AI art generated from the text “Summarizing categorical data”

Here we cover the following graphically and numerical summaries:

9.1 Single categorical variable

A bar graph or plot may be used to visualize the distribution of levels for a single categorical variable. The height of the bar for each category is equal to the frequency (number of observations), relative frequency of observations, or percentage of observations in the category. Generally, bar graphs leave some space in between each bars to highlight that there is no ordering in the classes. These graphs provides a nice visual of number observations in each level of a given categorical variable.

The function bargraph() creates a bar graph.

R functions
### bargraph( ~ x , data,  ylab, xlab, type)
# x: Replace x with the name of the variable of interest
# data: Set equal to the name of the dataframe being used
# xlab: Set equal to the label for x-axis (optional)
# xlab: Set equal to the label for y-axis (optional)
# main: Set equal to the title of the plot (optional)
# type: Set equal to "frequency" (default) or "proportion"

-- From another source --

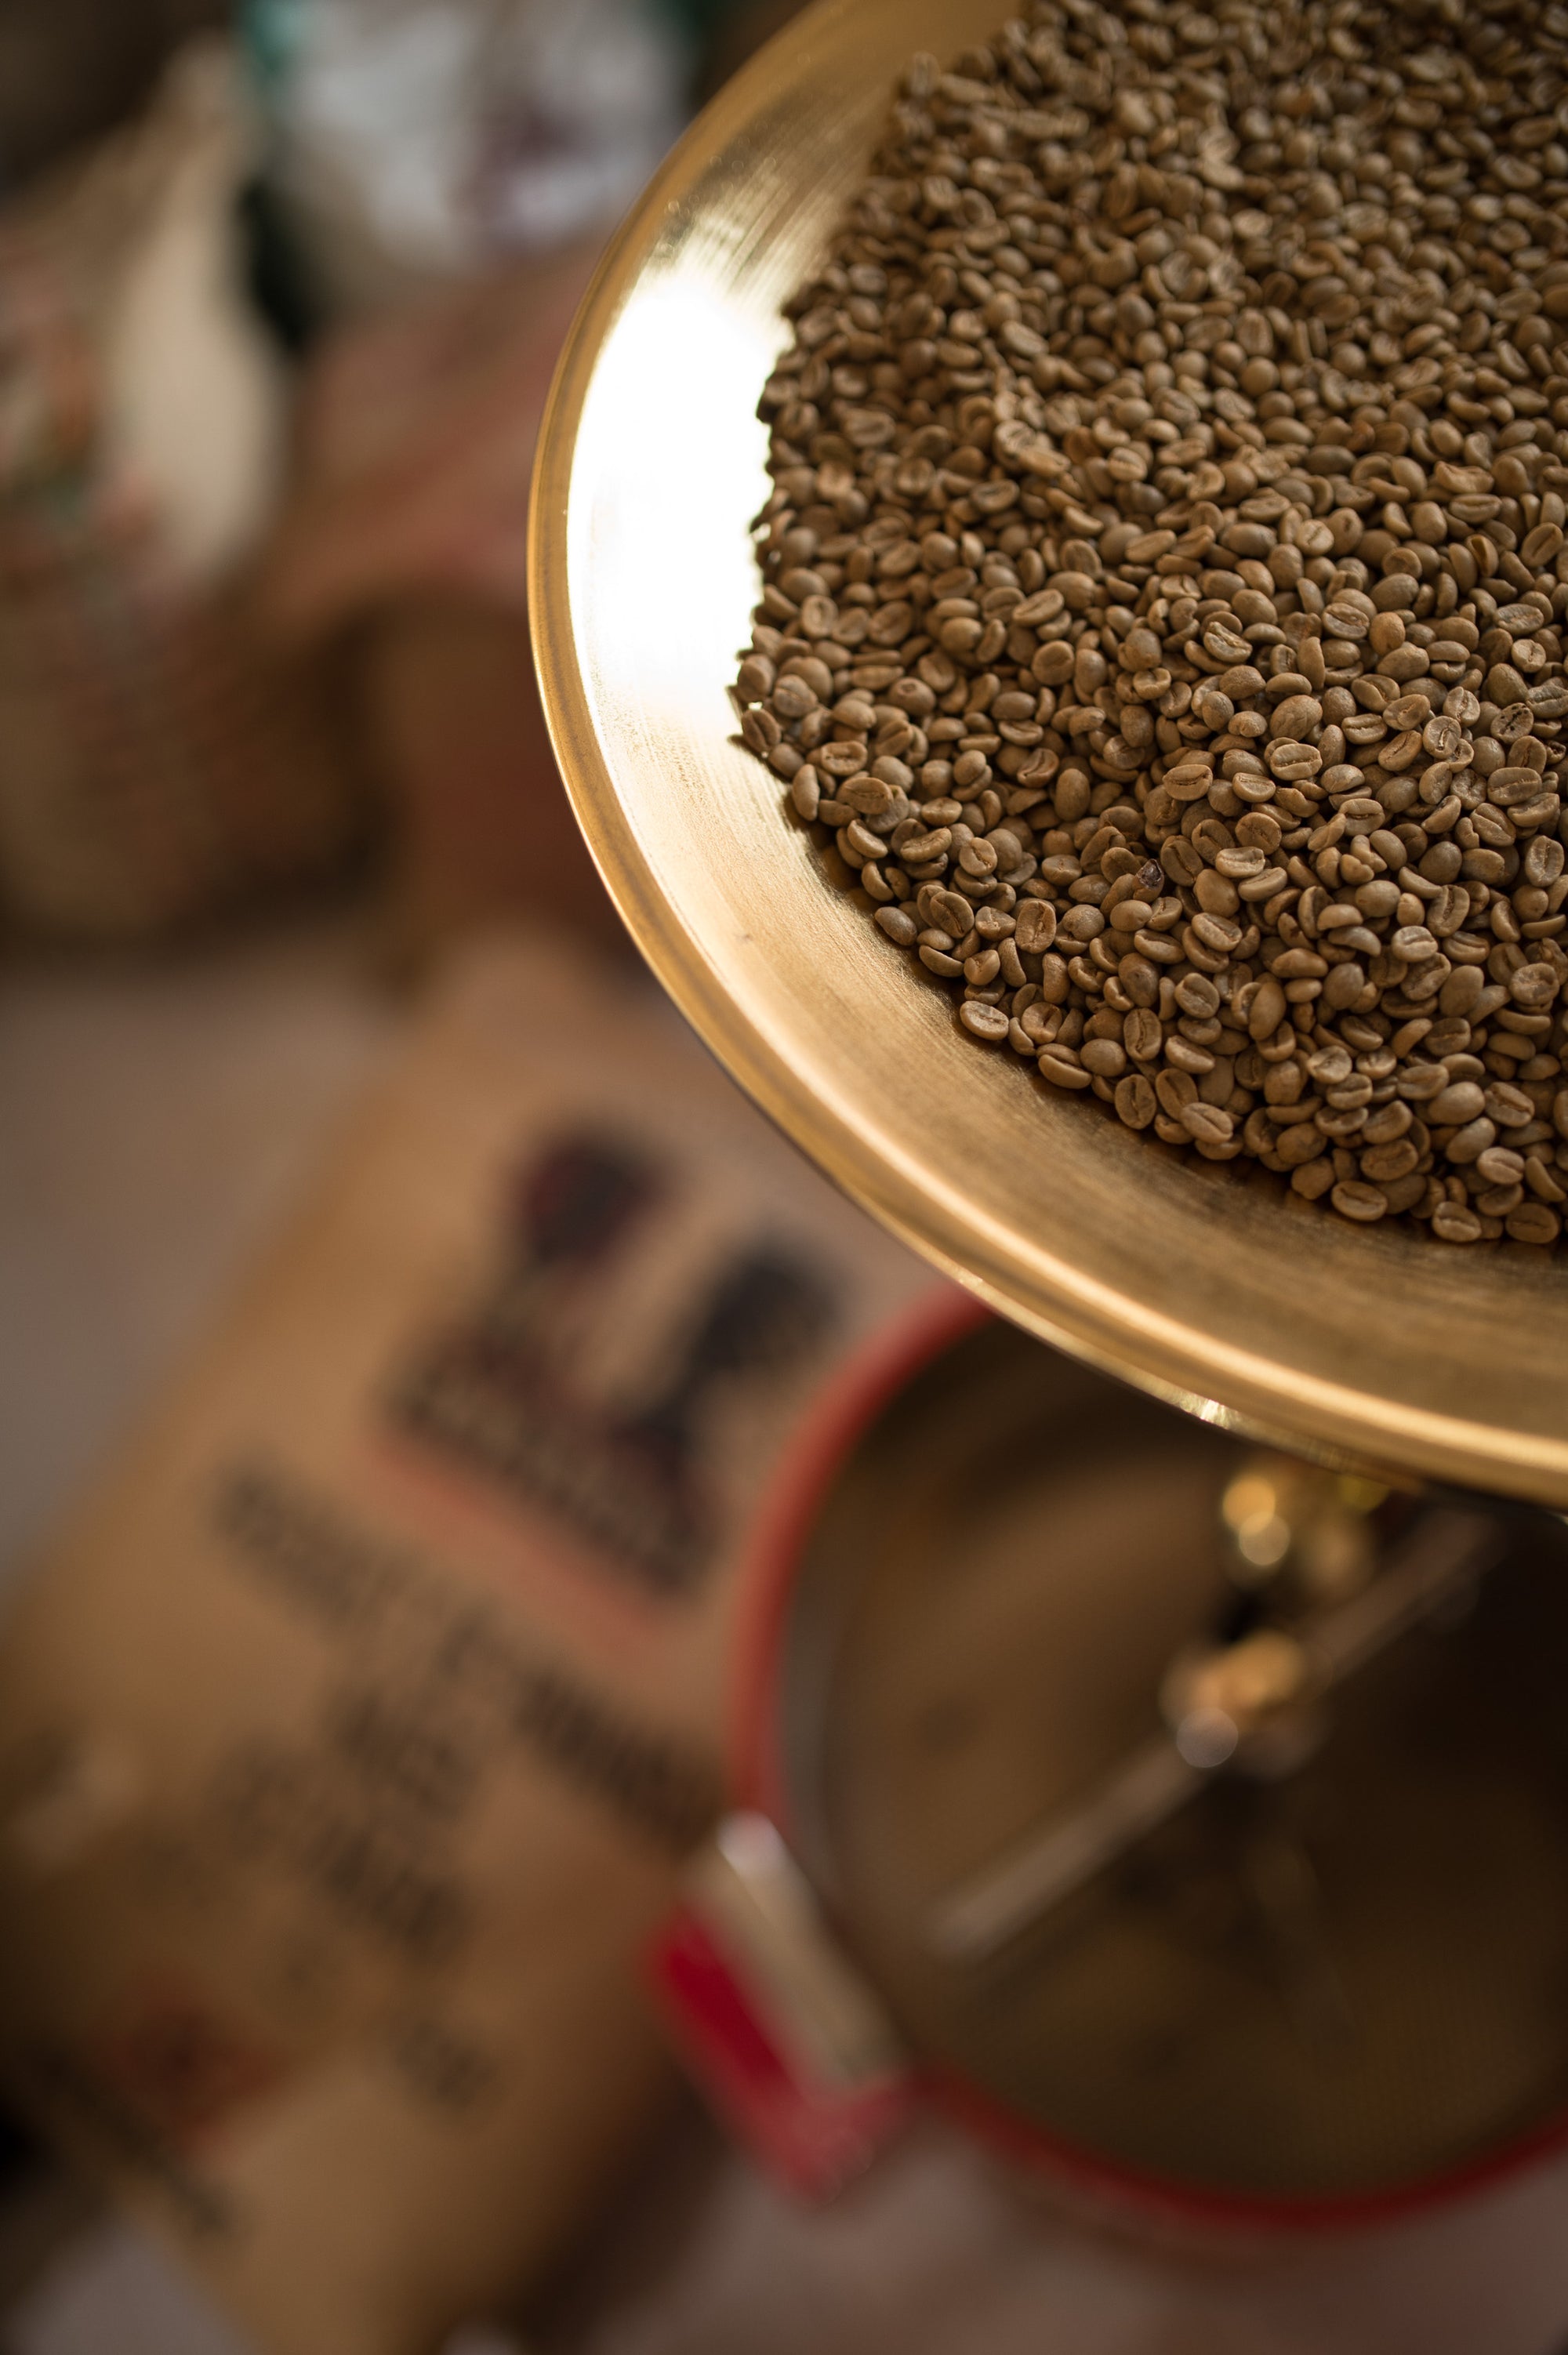 Some Facts About Specialty Coffee

Note that the type argument specifies whether to display frequencies or proportions. Many of the R functions used in this resource will have identical arguments, therefore while the arguments will be provided for any functions used, arguments such as x, data, xlab, … will generally no longer be described.

Note

The case study data given in Chapter 1 consists of three variables labeled as Light, Turbidity, and Survival in the data frame dssurve. The case study data given in Chapter 3 consists of several variables, including the categorical variable county. Here, the categorical variables are summarized graphically.

Code
# Import data from case study on delta smelt
dssurv <- read.csv( "datasets/dssurv.csv" )

# Load the dplyr package. This package provides mutate()
library(dplyr)

# Note:  mutate( 'dataframe name' ,'new variable' = 'function of variable in data frame', ...)
# Convert variables Light and Turbidity to factors
dssurv <- mutate( dssurv, 
                  Light= as.factor( Light ) ,
                  Turbidity= as.factor( Turbidity ) )


# Import data from case study on air pollution
pmdf <- read.csv("datasets/dailyPM10.2021.csv")

# Convert variable county to a factor
pmdf <- mutate( pmdf, 
                county= as.factor( county ) )

The following code creates a bar graph of the variables Light and county:

Code
# Load the 'mosaic' package which provides the 'bargraph' function.
library(mosaic)

bargraph( ~ Light ,     # Create a bar graph for the 'Light' variable.
          data=dssurv , # Use the 'dssurv' data frame.
          type="proportion" ,           # Display proportions of each category.
          ylab="Relative frequency" ,   # Set the y-axis label.
          xlab="Light intensity" ,      # Set the x-axis label.
          main="Using labels on axis" ) # Set the title of the plot.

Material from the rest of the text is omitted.